Shubham Jain received the B.Tech Degree from the Indian Institute of Technology Kanpur, India in 2017 and M.S. degree in robotics engineering from the Worcester Polytechnic Institute, Worcester, MA, USA, in 2019. He currently works as a Computer Vision Engineer with NVIDIA. His current research interests include autonomous driving and related computer vision problems

graphic file with name nihms-1637061-b0002.gif

Ameya Wagh received the M.S. degree in robotics engineering from the Worcester Polytechnic Institute, Worcester, MA, USA, in 2019. He currently works as a Software Engineer with TORC Robotics. His current research interests include computer vision and deep learning.

graphic file with name nihms-1637061-b0003.gif

Apratim Mukherjee is currently pursuing his Bachelor’s degree in Computer Science and Engineering from Manipal Institute of Technology, India and will graduate in the summer of 2020. His research interests lie in the fields of robotics and computer vision.

graphic file with name nihms-1637061-b0004.gif

Ziyang Liu is currently pursuing the Ph.D. degree in computer science with the Worcester Polytechnic Institute, MA, USA. His current research interests include computer vision and deep learning.

graphic file with name nihms-1637061-b0005.gif

Emmanuel Agu received the Ph.D. degree in electrical and computer engineering from the University of Massachusetts Amherst, Amherst, MA, USA, in 2001. He is currently a Professor with the Computer Science Department, Worcester Polytechnic Institute, Worcester, MA, USA. He has been involved in research in mobile and ubiquitous computing for over 16 years.
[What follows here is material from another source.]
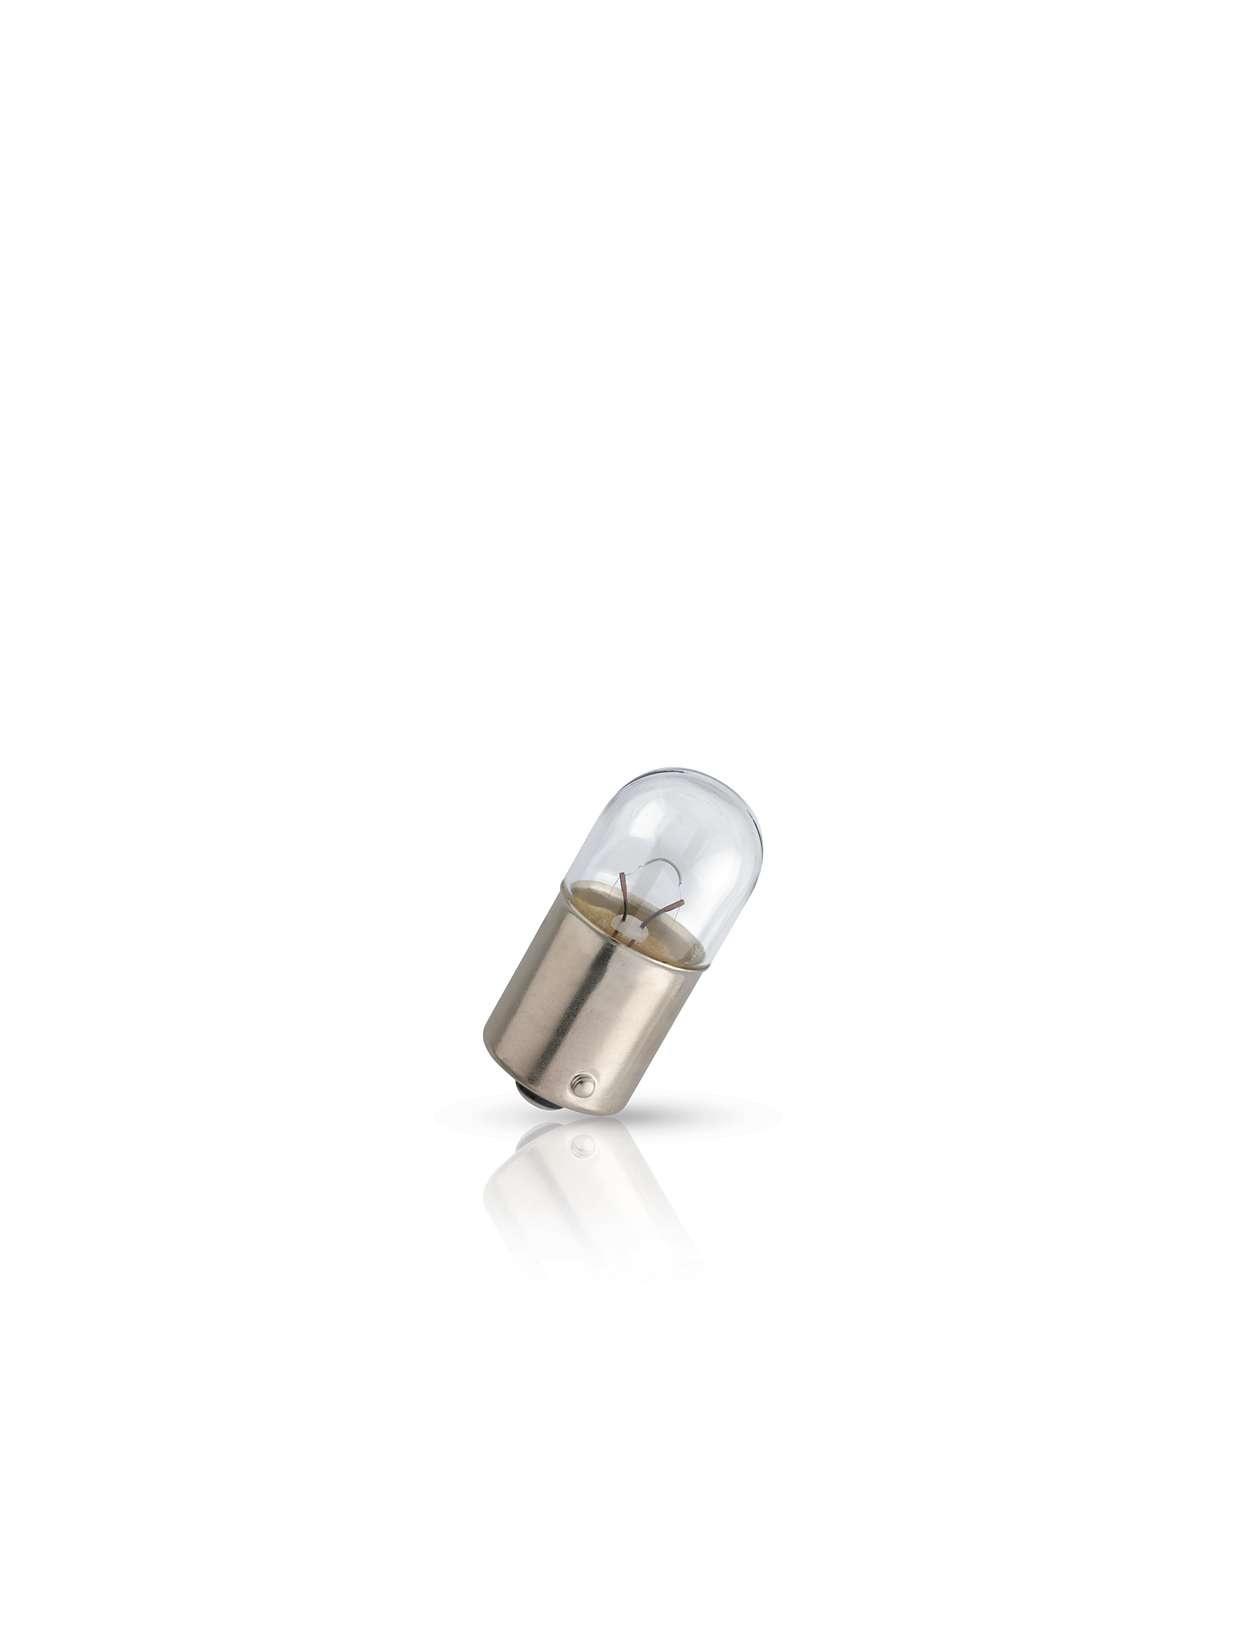 Лампа автомобильная Philips 12821b2 (бл.) автомобильная лампа r5w 5w longlife ecovision 2 шт philips
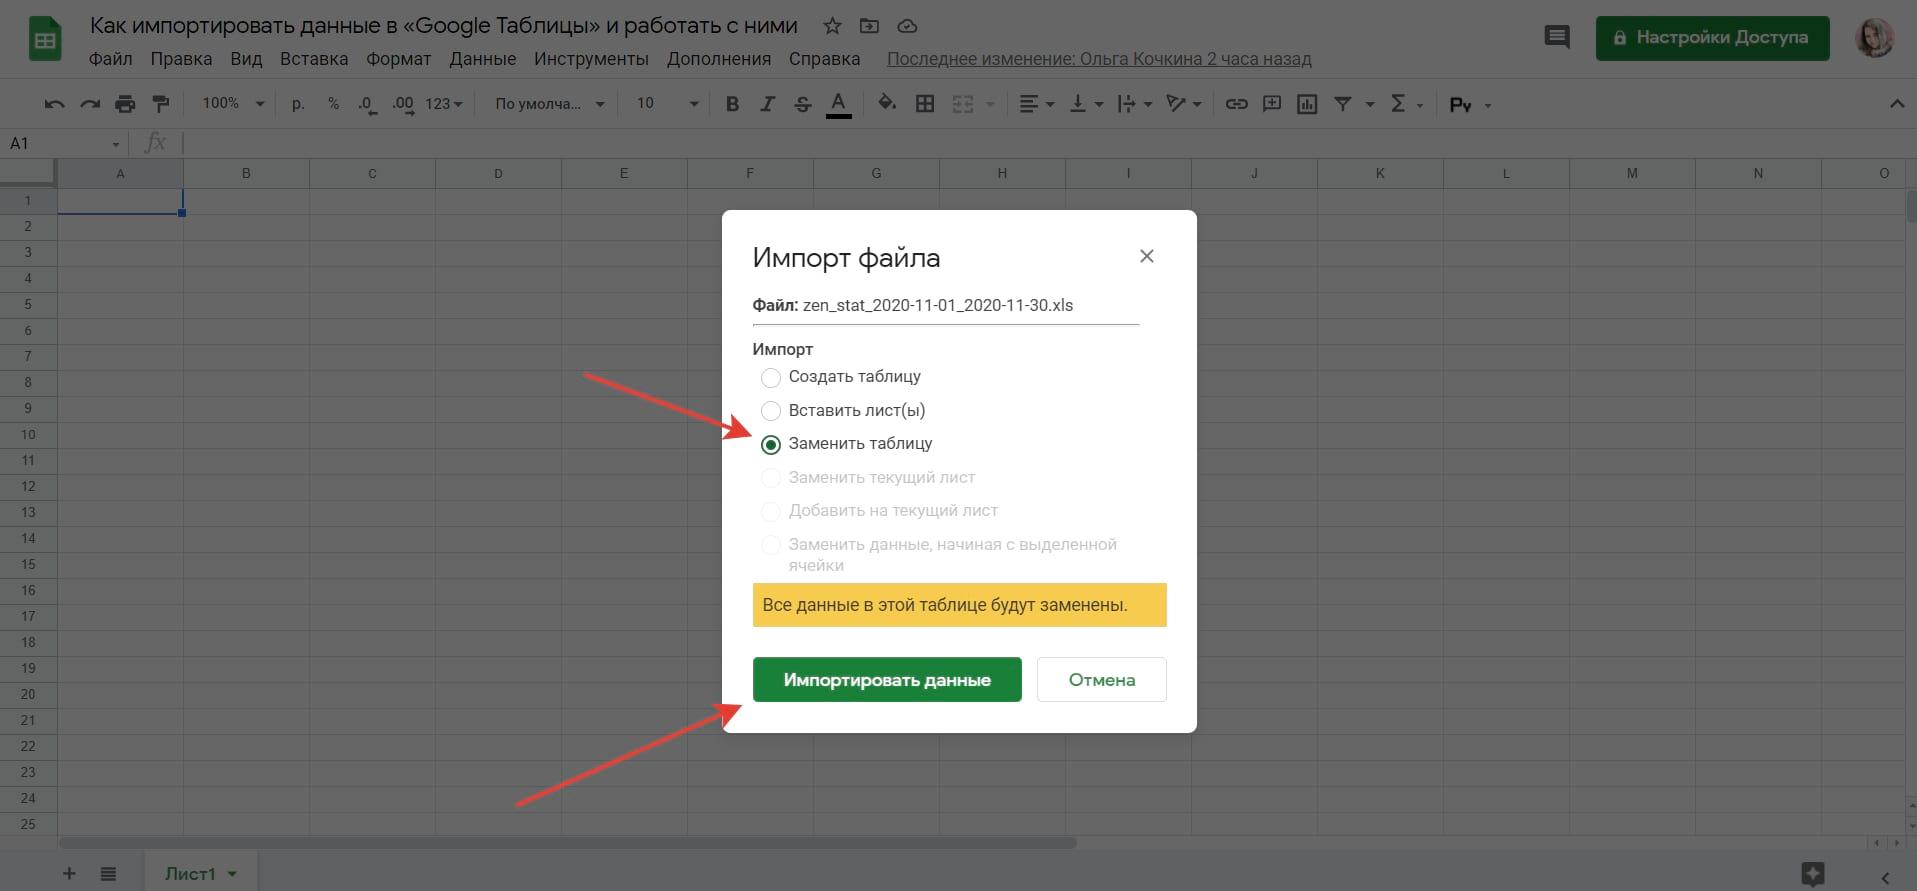 настраиваем параметры импортаЕсли выбрать «Создать таблицу», файл загрузится в виде отдельного документа, который откроется в новой вкладке

He is currently working on mobile health projects to assist patients with diabetes, obesity, and depression.

graphic file with name nihms-1637061-b0006.gif

Peder C. Pedersen (S’74–M’76–SM’87) received the B.S. degree in electrical engineering from Aalborg Engineering College, Aalborg, Denmark, in 1971, and the M.E. and Ph.D. degrees in bioengineering from the University of Utah, Salt Lake City, UT, USA, in 1974 and 1976, respectively. In October 1987, he joined the faculty at Worcester Polytechnic Institute, Worcester, MA, USA, where he is now an emeritus Professor in the Electrical and Computer Engineering Department. Previously, he was an Associate Professor in the Department of Electrical and Computer Engineering, Drexel University, Philadelphia, PA. His research areas include elastography methods for quantitative imaging of the Young’s modulus in soft tissues and the development of a low-cost, portable personal ultrasound training simulator with structured curriculum and integrated assessment methods, to satisfy the training needs of the widely used point-of-care scanners. Another research effort has been the design of a smartphone-based diabetic wound analysis system, specifically for foot ulcers.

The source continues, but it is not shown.